Forum Discussion

AnnaBertoncini's avatar
AnnaBertoncini
Community Member
1 year ago

AI TTS and SSML functionality

Hello everyone,

I would like to bring the attention of the community on AI TTS and the limited use of SSML with it.

I know that it is not supported because you built AI voices "to understand the relationship between words and adjust delivery accordingly". 

However, AI voices mispronounce acronyms and other words like company names and such. 

By saying that I am forced to use the old TTS voices, and it is a bit upsetting because the AI voices sound indeed more natural and "human", big benefits in e-learning for ensuring a more pleasant learning experience for our users. 

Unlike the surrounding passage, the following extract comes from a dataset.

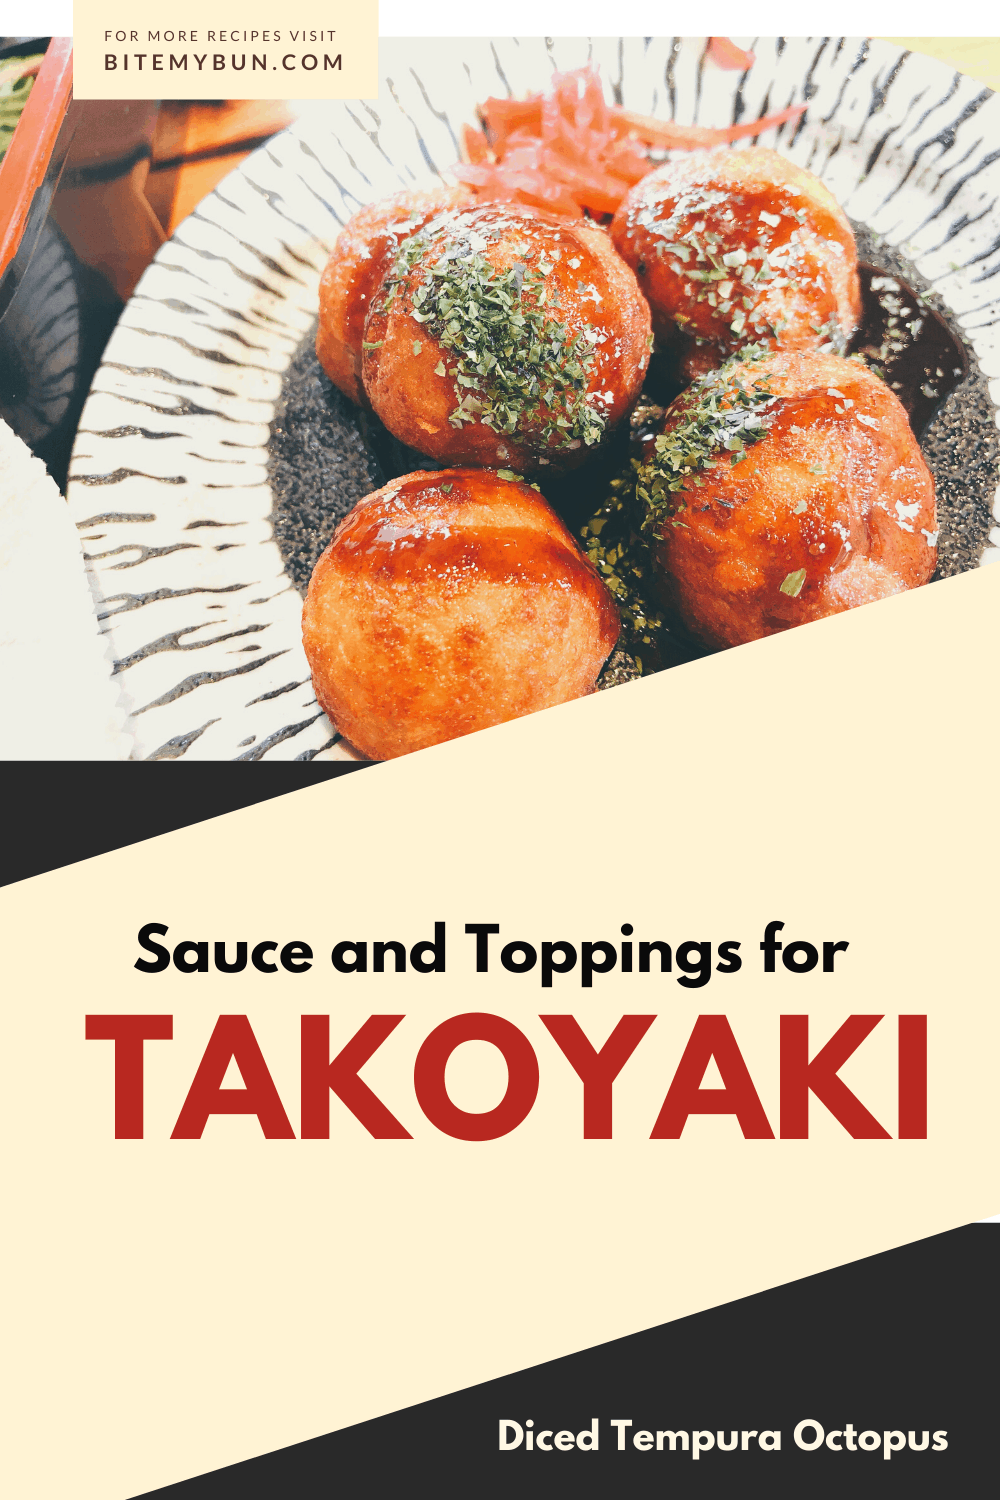 takoyakisås och toppings

This is a request to work on SSML for AI voices because I strongly believe it is needed. 

Anna

17 Replies

  • Hello AnnaBertoncini,

    Thanks for reaching out and sharing your thoughts on AI TTS and SSML functionality.

    You are correct that AI Assistant has limited support for speech synthesis markup language (SSML) because AI-generated voices are designed to understand the relationship between words and adjust delivery accordingly.

    I believe this is a good request, so I shared your feedback with our product team. We'll let you know if there are any changes in the future regarding this area in Articulate AI.

    Enjoy the rest of your day!

     

    • suzarina's avatar
      suzarina
      Community Member

      Any update on this? I'm also having issues trying to get the AI voices to pronounce acronyms correctly, or interject pauses so that the speech sounds more natural. 

      • EricSantos's avatar
        EricSantos
        Staff

        Hi suzarina,

        Thanks for following up on this request.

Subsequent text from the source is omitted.